Les Chiens de Navarre - Une raclette

des Chiens de Navarre mise en scène par Jean Christophe Meurisse
avec Caroline Binder, Antoine Blesson, Céline Fuhrer, Robert Hatisi, Manu Laskar, Thomas Scimeca, Anne-Elodie Sorlin, Maxence Tual et Jean-Luc Vincent
au théâtre de Vanves du 6 au 9 octobre 2010

C'est un petit exercice bien difficile que de parler de se spectacle sans en dévoiler les surprises, multiples et incessantes qui le jalonnent. Nous sommes invités à assister à une raclette entre amis, ou bien est-ce une représentation théâtrale, les codes sont d'entrée de jeu, brouillés.
Le collectif des Chiens de Navarre dont j'ai fait un portrait ICI, est à mon sens une des équipes les plus novatrices et d'avant garde du théâtre contemporain. Ils nous accueillent en comédiens, toujours autour de leur table, fil conducteur de beaucoup de leurs performances, et interpellent le public directement. C'est une introduction déjà engagée, comme pour nous prévenir que nous allons assister ici à un ovni théâtral.
Puis la "raclette" commence. Ou plutôt la tambouille, au sens noble du terme, un mélange extraordinaire de tous les spectacles, de tous les théâtres, de tous les points de vues. Quelques voisins réunis pour une crémaillère et c'est le prétexte à toutes les boîtes de Pandore. Nous sommes sur nos gardes, curieux de ce dîner commun nous en rappelant mille autres, avec ses petites conventions de politesse et ses légers dérapages, parfois ridicules, grinçants ou encore d'une affligeante banalité. Et sous nos yeux éberlués, la scène va partir en sucette... Ici il convient de conserver les artifices utilisés, pour ne pas en déflorer l'humour, la folie, les astuces. Sommes nous encore au théâtre ? Oui pour sûr, le texte est là, le jeu naturel et précis des comédiens nous saisit. Mais nous sommes aussi au cirque (bravo le magicien Thomas Scimeca, quel talent !), au théâtre classique, ou encore à une soirée déguisée, ou devant des performances... tout le spectacle vivant réuni, avec ses réussites, ses doutes et ses dérapages, du moment le plus sage à celui le plus extrême, toutes les prises de risque, des scènes désopilantes, mais aussi dramatiques ou dangereuses. Je n'ai jamais vu, à part chez Marthaler cet été à Avignon, autant de tiroirs, de significations en cascades et de codes bouleversés, pour être mieux soulignés.
C'est une satire du théâtre, pour mieux l'honorer, c'est un regard aiguisé sur notre société, avec autant de violence que de désir ou d'amour, c'est autant de pavés dans des mares inertes, une volonté de ruer dans les brancards, de souligner les fantasmes, d'exploser les limites.
Il ne faut pas rater ce spectacle qui ne peut laisser indifférent, même s'il doit parfois perdre un peu, pour la qualité des comédiens, la richesse des idées et l'originalité de la présentation, un souhait indéniable d'essayer de rénover les choses. Jusqu'à la dernière minute où le fantasme ultime de certain est d'inclure le spectateur, invité dès les premières minutes et encore inclus dans les dernières, jamais oublié. Il est temps de continuer dans la voie d'Artaud, celle qui tend à rendre vivante la tendance mortifère de la représentation cloisonnée. Venez vous laisser déranger par ces Chiens en liberté, rire aux éclats à leurs blagues burlesques ou à leurs imitations parfaites de notre singulière banalité, vous cacher les yeux devant leur nudité que vous ne sauriez voir ou enfin avoir peur d'un théâtre si vivant !
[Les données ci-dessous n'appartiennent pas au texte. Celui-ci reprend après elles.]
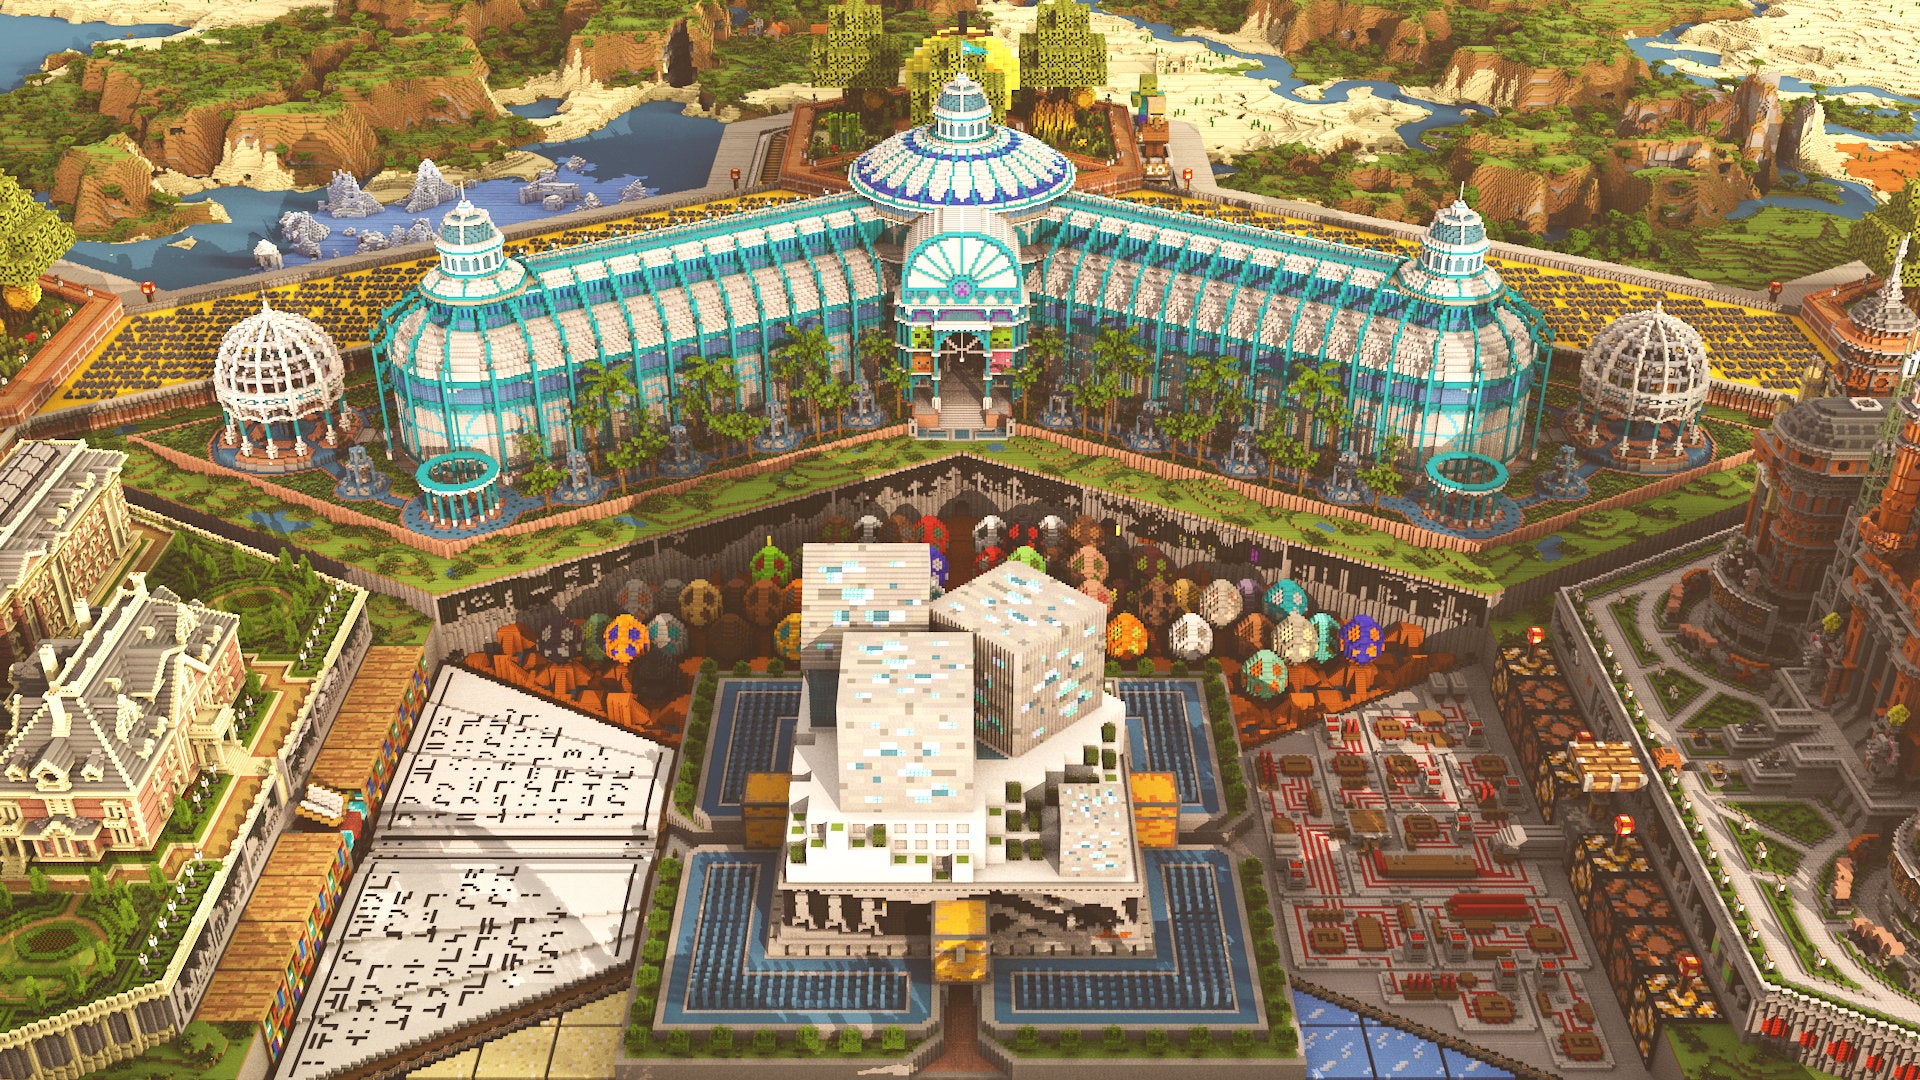 Image for Visit Minecraft's theme park map to celebrate its 10th birthday
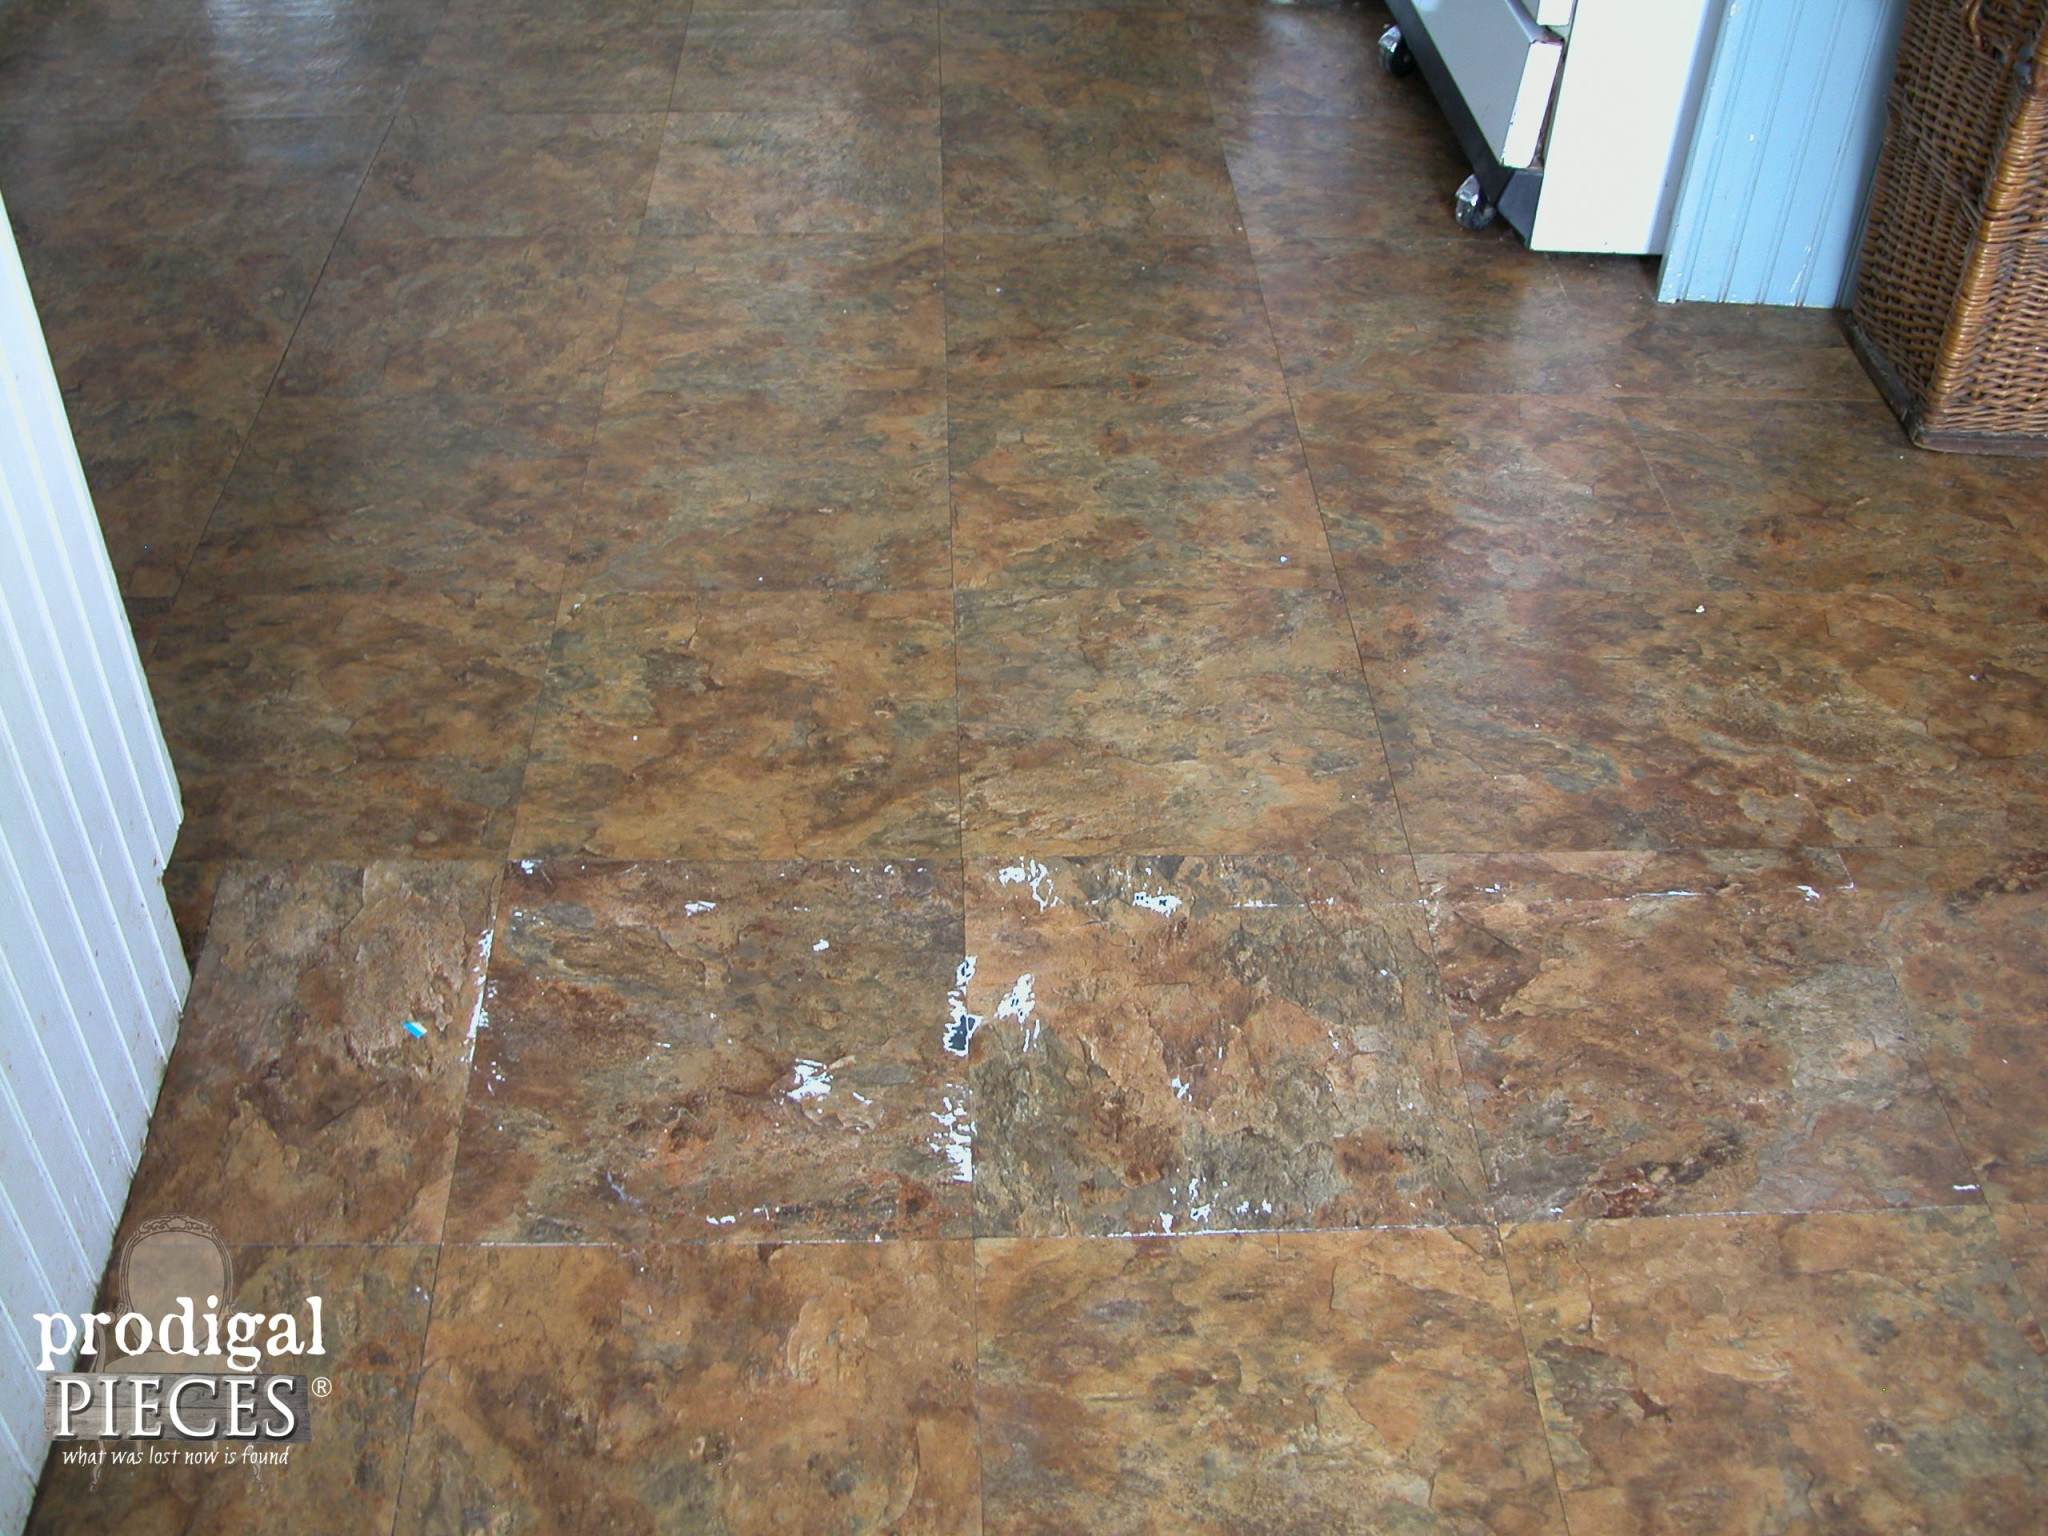 Worn Out Vinyl Flooring by Prodigal Pieces | www.prodigalpieces.com

Jusqu'au 9 octobre 2010 au théâtre de Vanves et puis :

- du 19 au 22 octobre 2010 à 20H30 à la Rose des Vents (Scène Nationale de Lille Métropole / Villeneuve-D'Ascq)


- du 11 au 13 janvier 2011 à 20h30 au Théâtre de Vanves - Scène conventionnée pour la danse (92)

- du 17 au 19 mars 2011 à 20h30 au Centre Pompidou (Paris)

-du 23 au 27 mars 2011 aux Bouffes du Nord (Paris)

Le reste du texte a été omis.